WHAT YOU SHOULD DO = The answer must give back every line of the data exactly, with no pictures.

EXERCISE DATA =
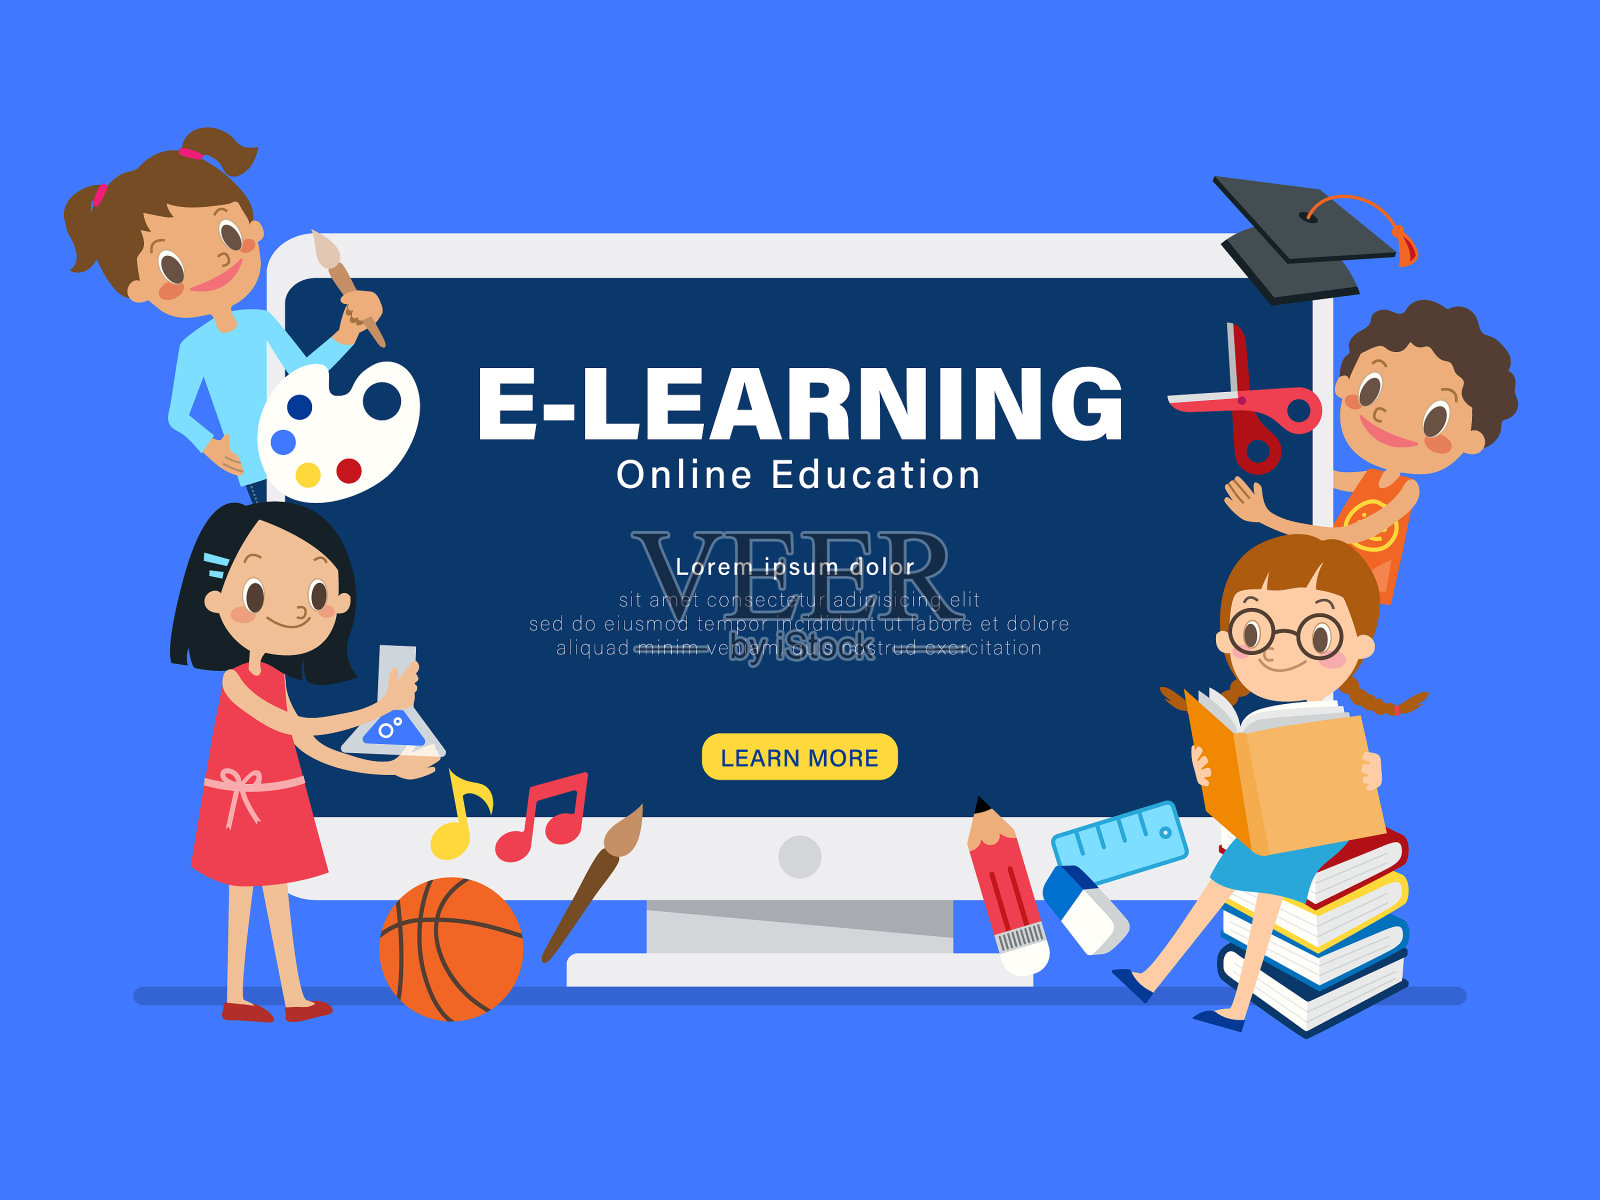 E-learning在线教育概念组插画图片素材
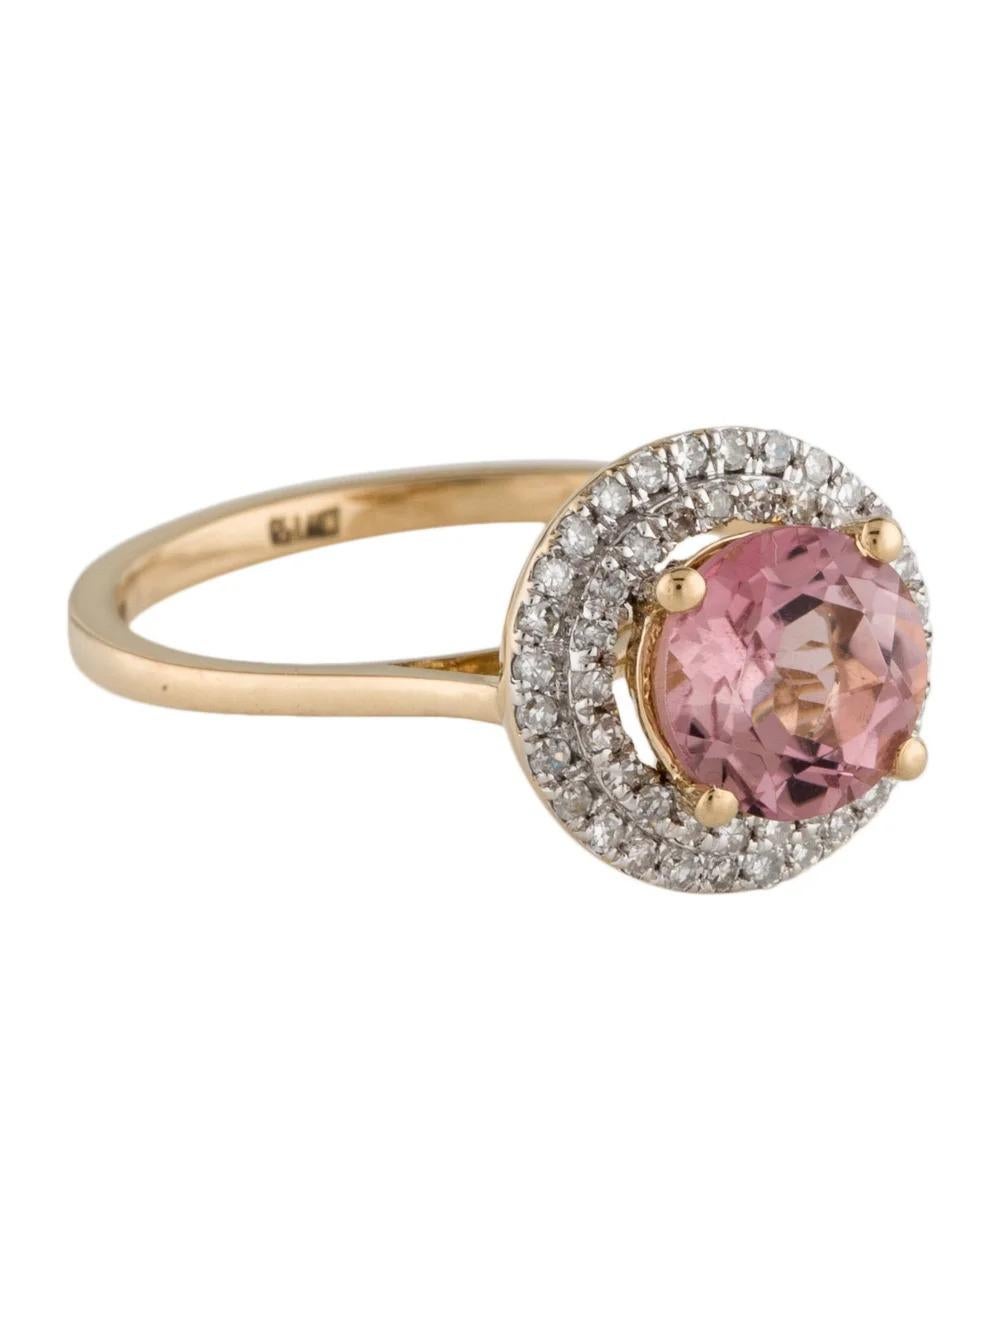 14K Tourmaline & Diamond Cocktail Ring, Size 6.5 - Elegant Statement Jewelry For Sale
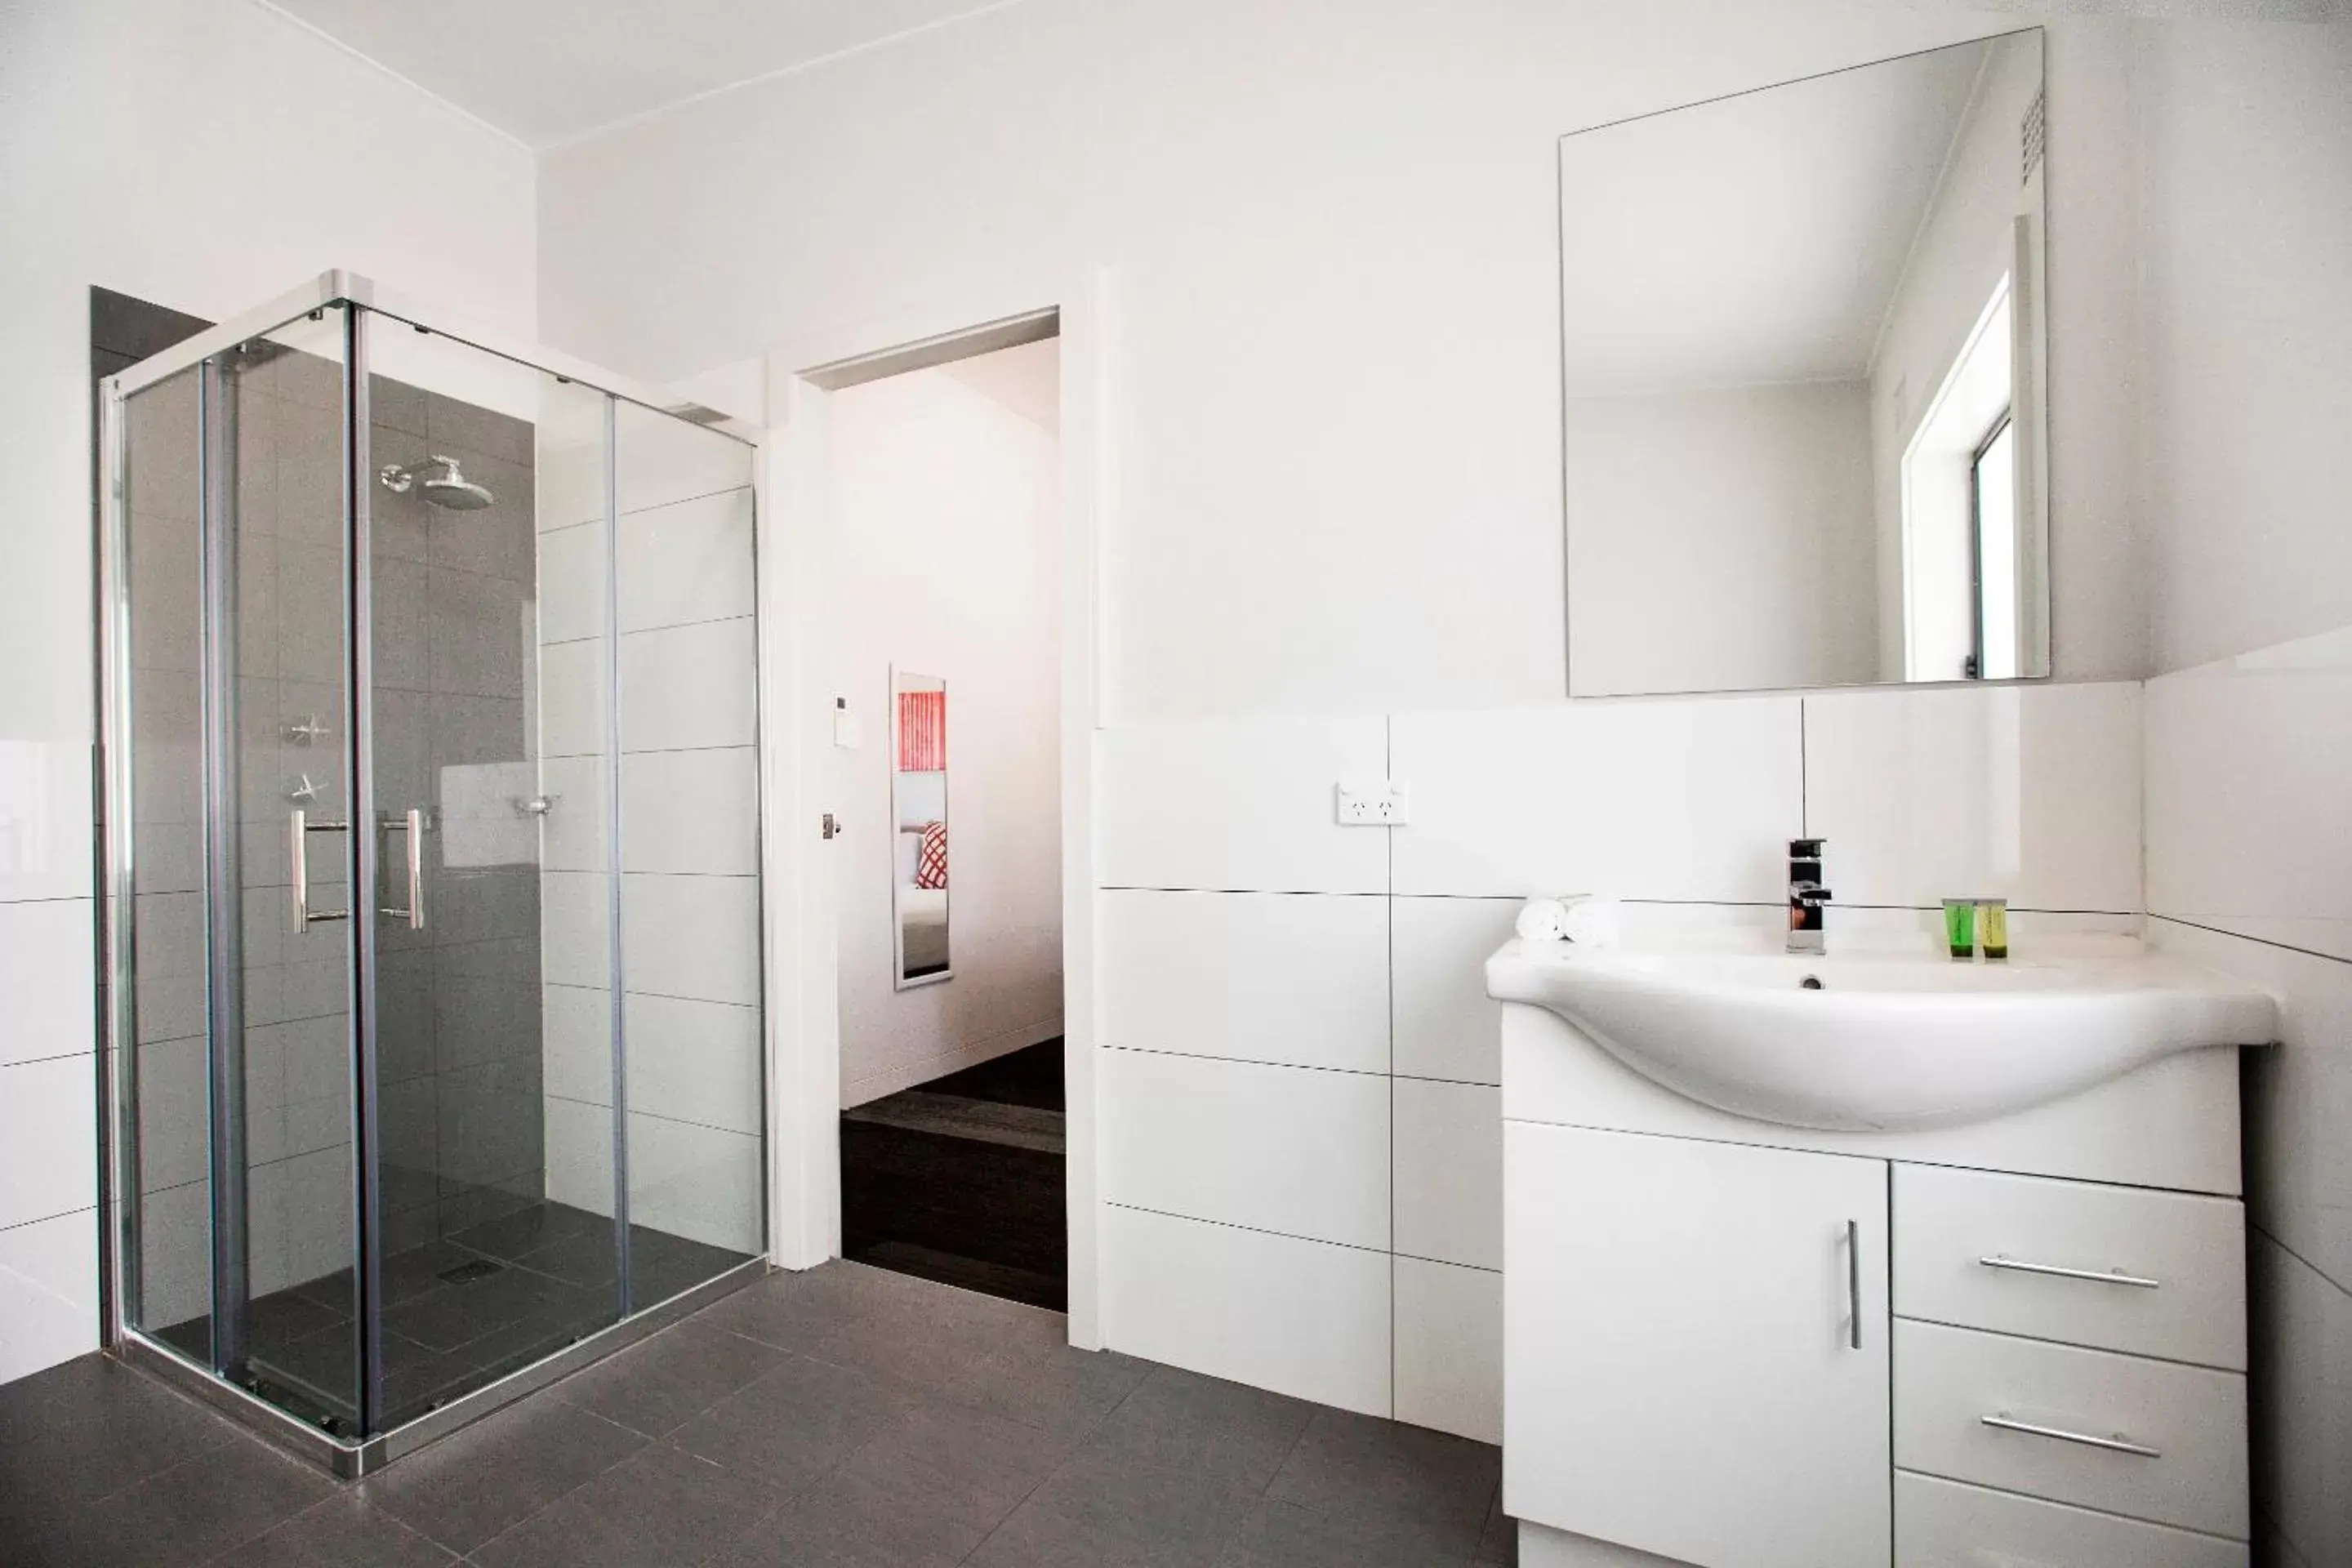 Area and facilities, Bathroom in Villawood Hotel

SOLUTION TO THE EXERCISE =
 E-learning在线教育概念组插画图片素材
 14K Tourmaline & Diamond Cocktail Ring, Size 6.5 - Elegant Statement Jewelry For Sale
 Area and facilities, Bathroom in Villawood Hotel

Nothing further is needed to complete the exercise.